District attorney of Suffolk County, New York
- In office 1856–1858

County judge of Suffolk County, New York
- In office 1858–1866

Personal details
- Born: September 20, 1816 Nissequogue, New York, U.S.
- Died: March 17, 1889 (aged 72) New York City, U.S.
- Party: Democratic
- Spouse: Sarah Nicoll Clinch
- Children: 6, including James Clinch Smith and Bessie Springs Smith White
- Education: Yale College Princeton College
- Occupation: Lawyer, politician, judge

= J. Lawrence Smith (New York politician) =

American politician

John Lawrence Smith (September 20, 1816 – March 17, 1889) was an American lawyer, politician, and judge from New York.

== Early life and education ==
Smith was born on September 20, 1816, in Nissequogue, New York, the son of Richard Smith and Eliza Willett Nicoll. His maternal great-grandfather was General Nathaniel Woodhull, and his maternal great-grandmother was the sister of Declaration of Independence signer William Floyd.

Smith attended the Clinton Academy in East Hampton. He then went to Yale College, where his classmates included Samuel J. Tilden, William M. Evarts, Edwards Pierrepont, Morrison Waite, William W. Eaton, and Benjamin D. Silliman. In 1833, he transferred to Princeton College, graduating in 1837. He then studied law in the office of John L. Lawrence in New York City. He was admitted to the bar in 1840 and initially practiced law in New York City. In 1844, he moved to Smithtown.

== Political career ==
In 1846, Smith was elected to the New York State Assembly as one of the two representatives of Suffolk County. He served in the Assembly in 1847. He was the Democratic candidate for Speaker that year but lost to Whig William C. Hasbrouck. In 1856, he was elected district attorney of Suffolk County. In 1858, he became county judge. In 1862, he was re-elected county judge and surrogate as a Democrat even while the county went Republican. After his term as judge expired, he returned to his law practice. In the last few years of his life, he was mostly retired from law.

== Personal life ==
Smith was a prominent member of the Episcopal Church in Long Island and served as the first junior warden of the Caroline Church in Setauket. His wife, Sarah Nicoll Clinch, was the niece of Alexander T. Stewart, who adopted her as his daughter and bequeathed her a large fortune. Smith's last public appearance was during the Stewart will contest, where he provided uncomplimentary testimony regarding Henry Hilton's management of Stewart's fortune. He was the largest landowner in the county and possibly its wealthiest, with an estate estimated at a million dollars at the time of his death.
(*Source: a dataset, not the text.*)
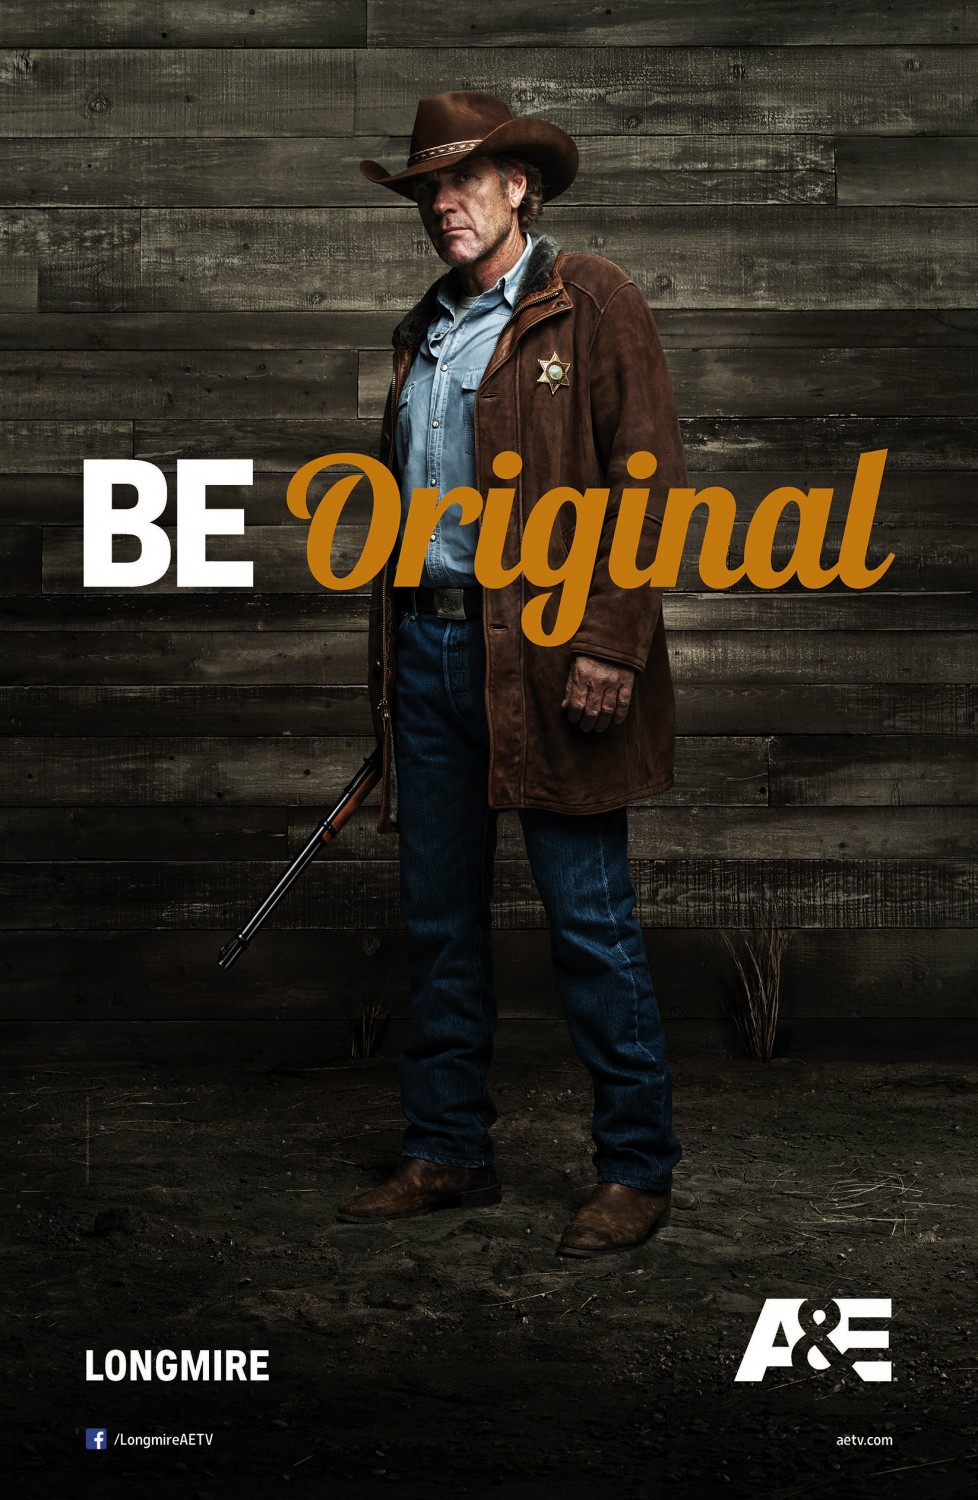 Extra Large Movie Poster Image for Longmire (#4 of 8)

Smith and Sarah had six children: Cornelia (who married lawyer Prescott Hall Butler and resided at By-the-Harbor), Louise Nicoll (who married lawyer Frank Sayre Osborne), Kate Annette (who married Episcopal Reverend Joseph Bloomfield Wetherill), Bessie Springs (who married architect Stanford White and was the mother of architect Lawrence Grant White), Ella Batavia (who married Devereux Emmet), and James Clinch. James was a lawyer and member of Mrs. Astor's 400, who married musician Bertha Ludington Barnes of Chicago. James Clinch Smith witnessed his brother-in-law Stanford White's murder and died on the Titanic. One of Smith's great-grandchildren was lawyer and assemblyman Prescott B. Huntington.

Smith died of pneumonia at his residence in New York City on March 17, 1889. He was buried in the Episcopal Church in St. James.